"""
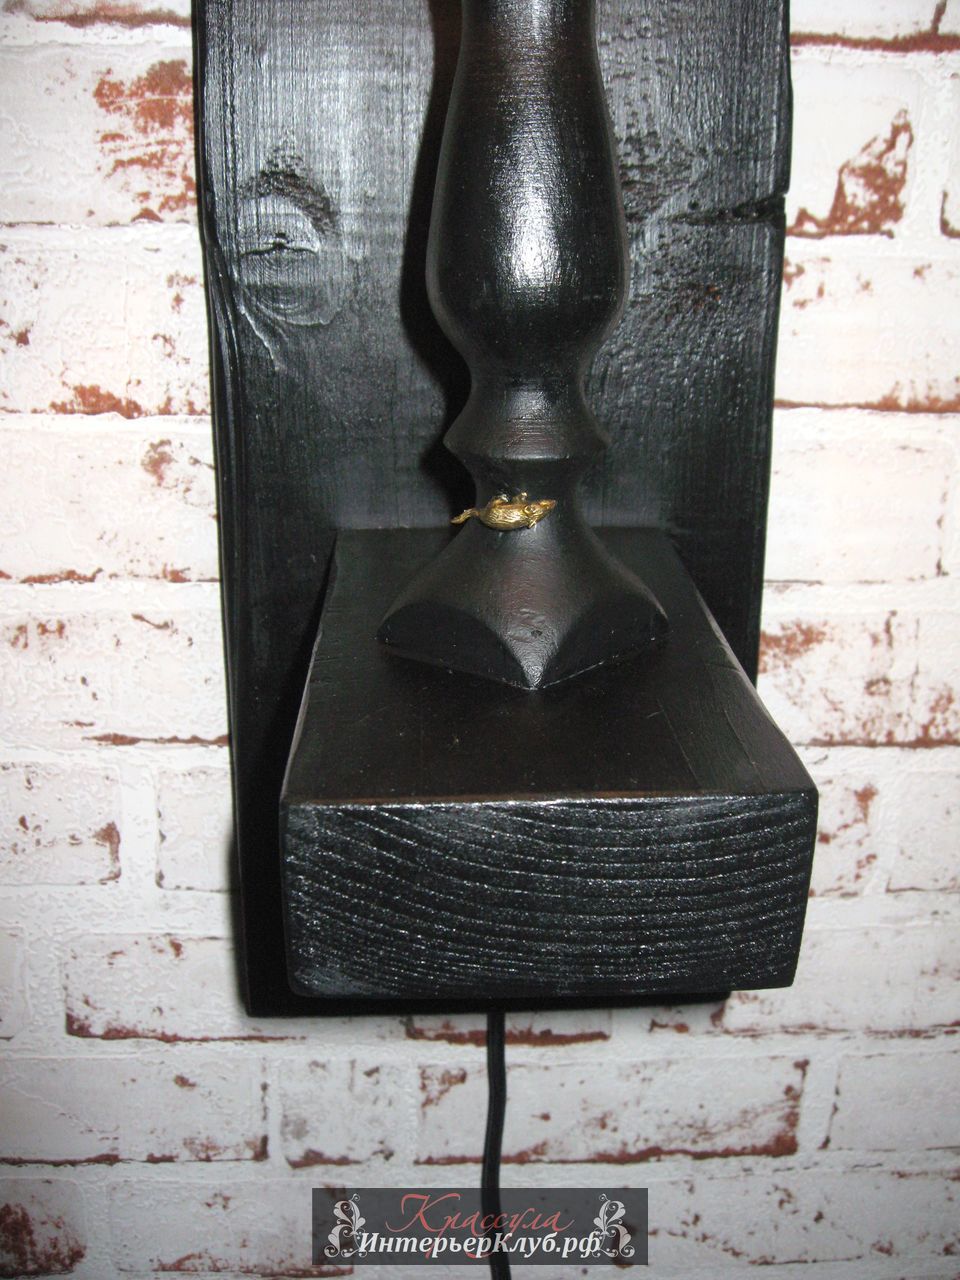 17 Светильник Око - амбарная доска, с элементами декора, цвет черный - золото. Эксклюзивные светильники ручной работы
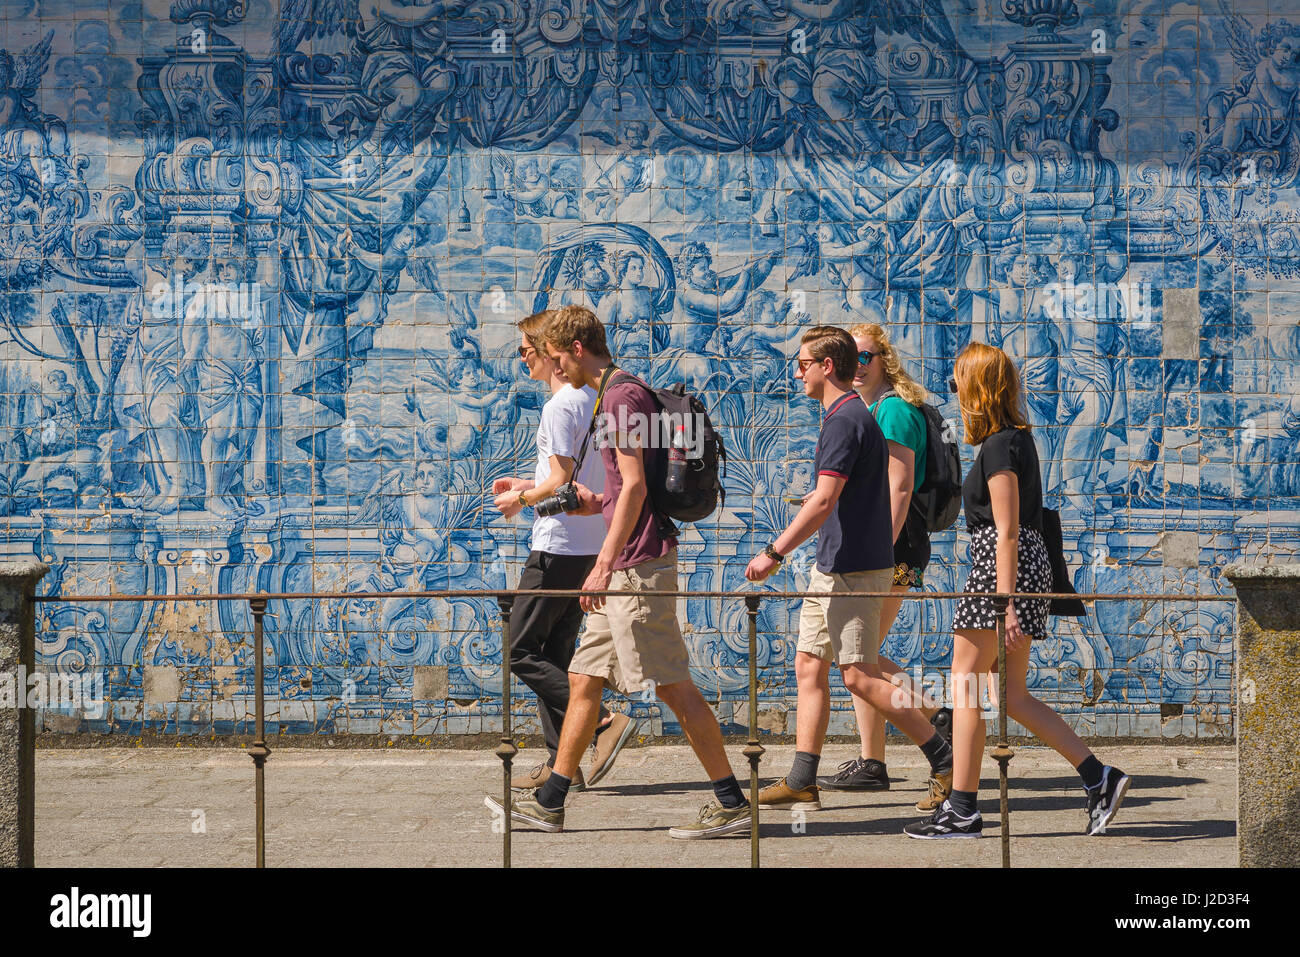 Giovani Portogallo, un gruppo di giovani cammina attraverso un muro nel chiostro della cattedrale se decorato con piastrelle azzurre azulejos, Porto, Portogallo, Foto Stock
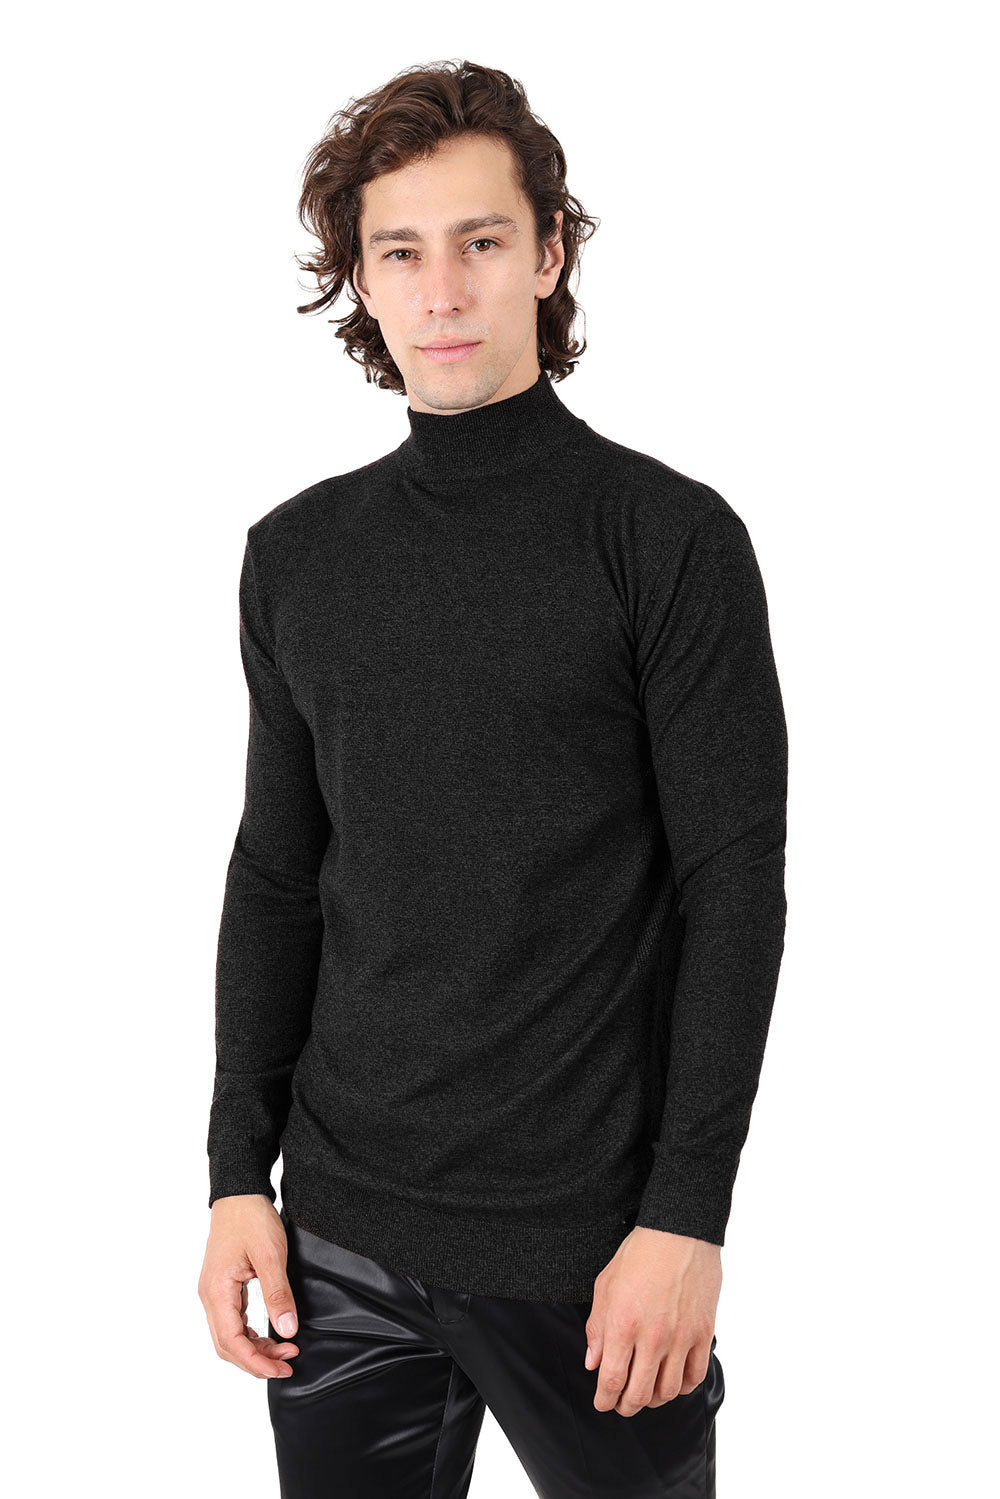 Men's Turtleneck Ribbed Solid Color Mock Turtleneck Sweater 2LS2103 Rust Black
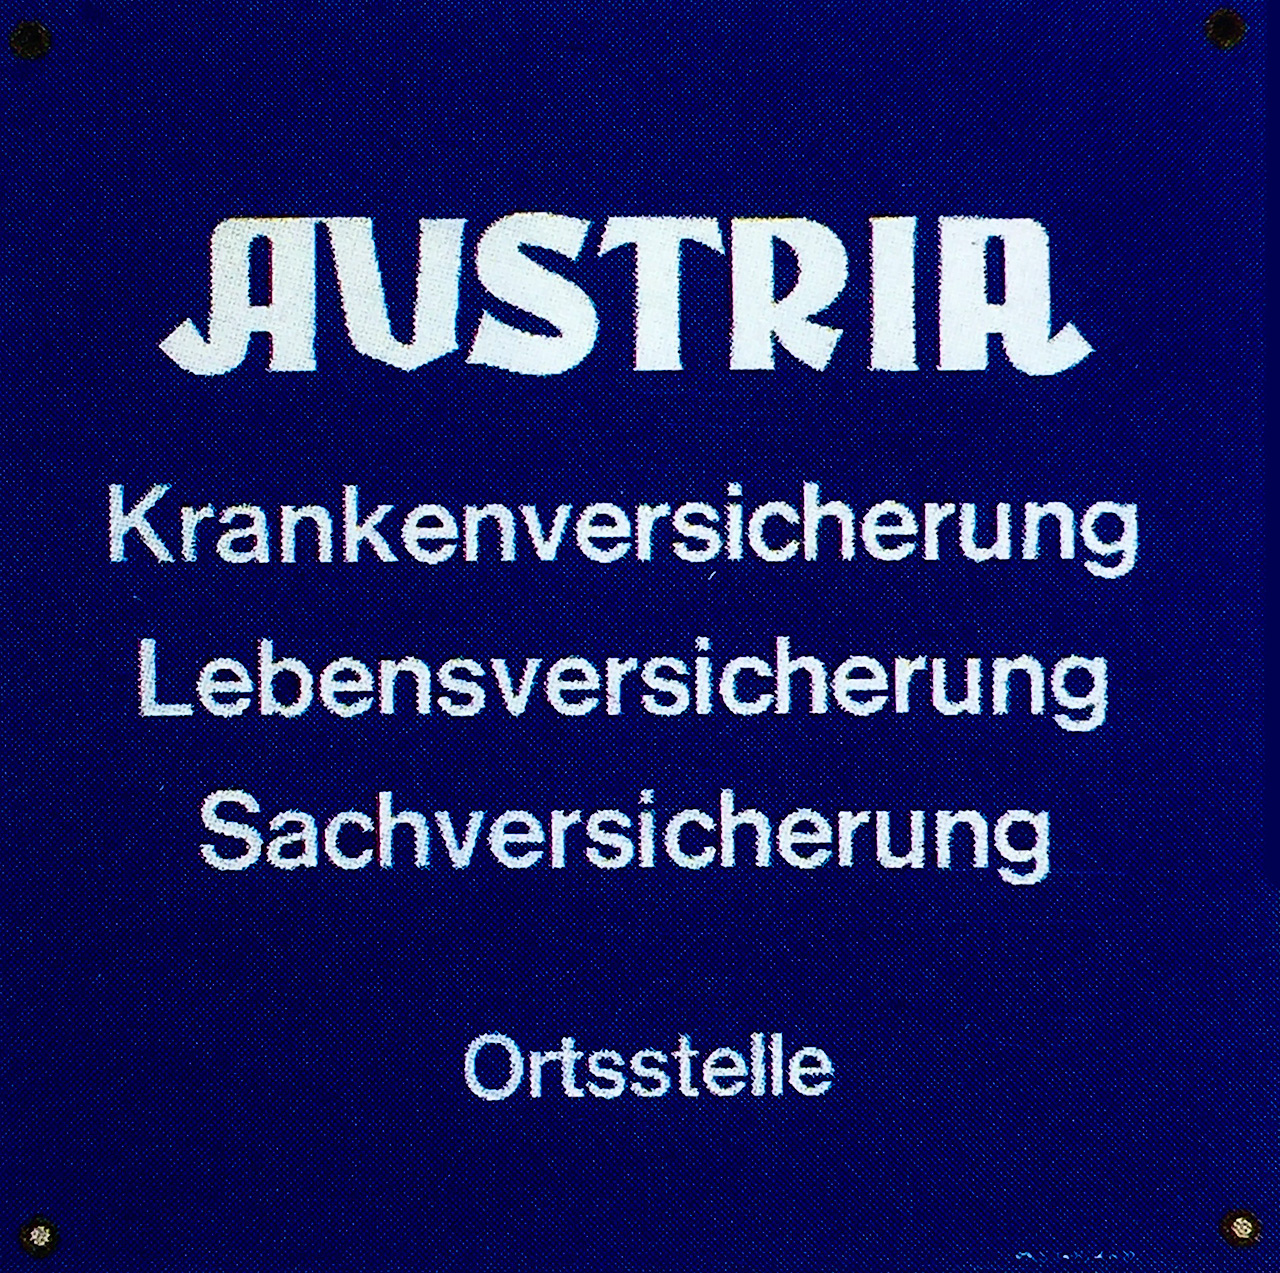 Austria Versicherung
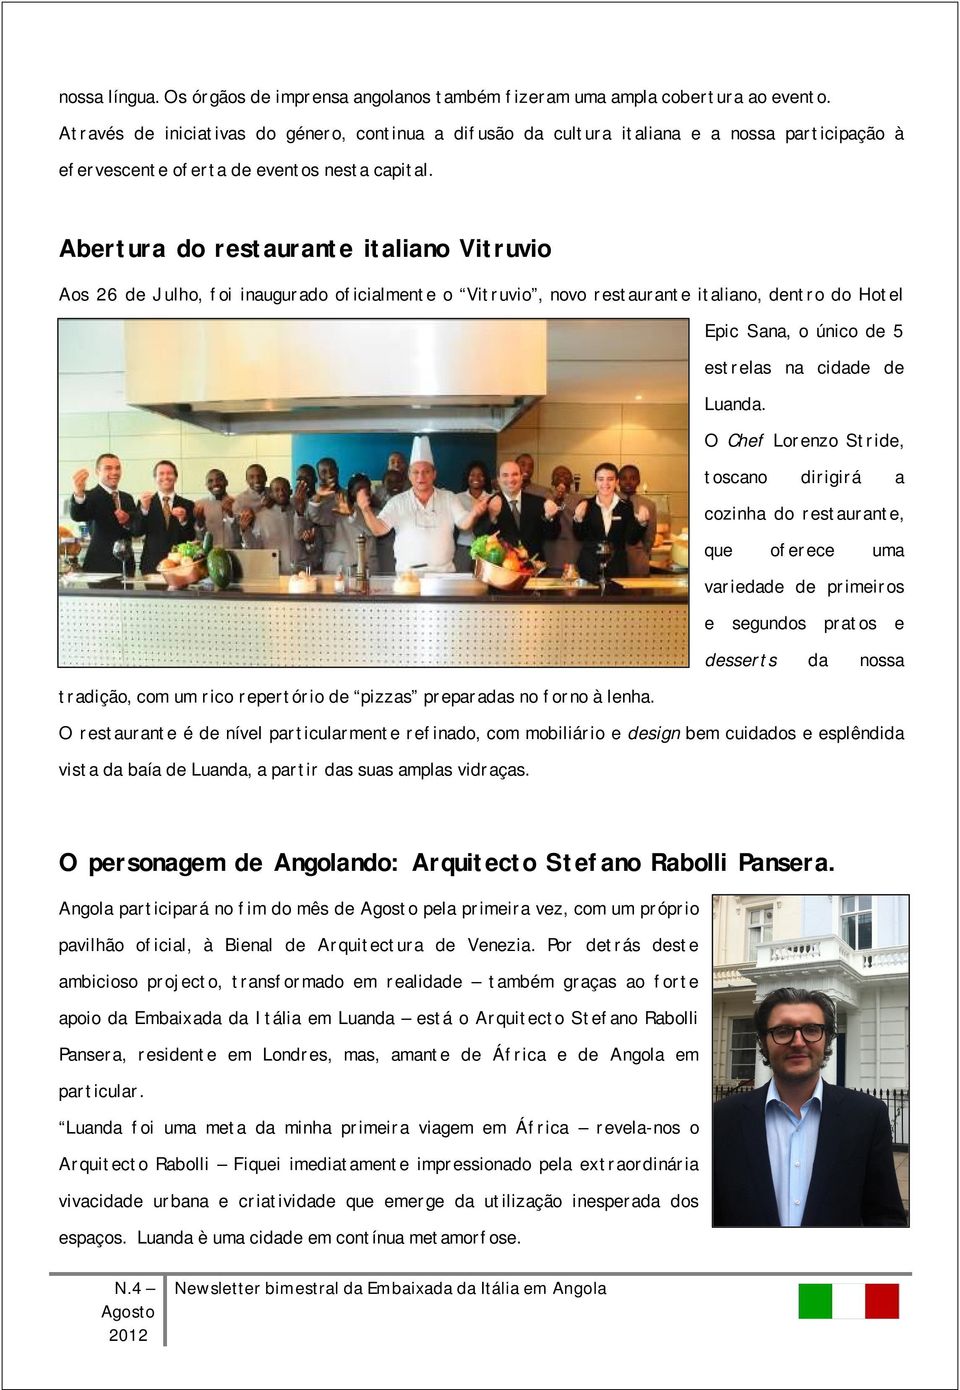 Abertura do restaurante italiano Vitruvio Aos 26 de Julho, foi inaugurado oficialmente o Vitruvio, novo restaurante italiano, dentro do Hotel Epic Sana, o único de 5 estrelas na cidade de Luanda.
"""
> _ASSIGNMENT_
Without the pictures, restate each entry exactly.

> _RESPONSE BELOW_
 17 Светильник Око - амбарная доска, с элементами декора, цвет черный - золото. Эксклюзивные светильники ручной работы
 Giovani Portogallo, un gruppo di giovani cammina attraverso un muro nel chiostro della cattedrale se decorato con piastrelle azzurre azulejos, Porto, Portogallo, Foto Stock
 Men's Turtleneck Ribbed Solid Color Mock Turtleneck Sweater 2LS2103 Rust Black
 Austria Versicherung
 Abertura do restaurante italiano Vitruvio Aos 26 de Julho, foi inaugurado oficialmente o Vitruvio, novo restaurante italiano, dentro do Hotel Epic Sana, o único de 5 estrelas na cidade de Luanda.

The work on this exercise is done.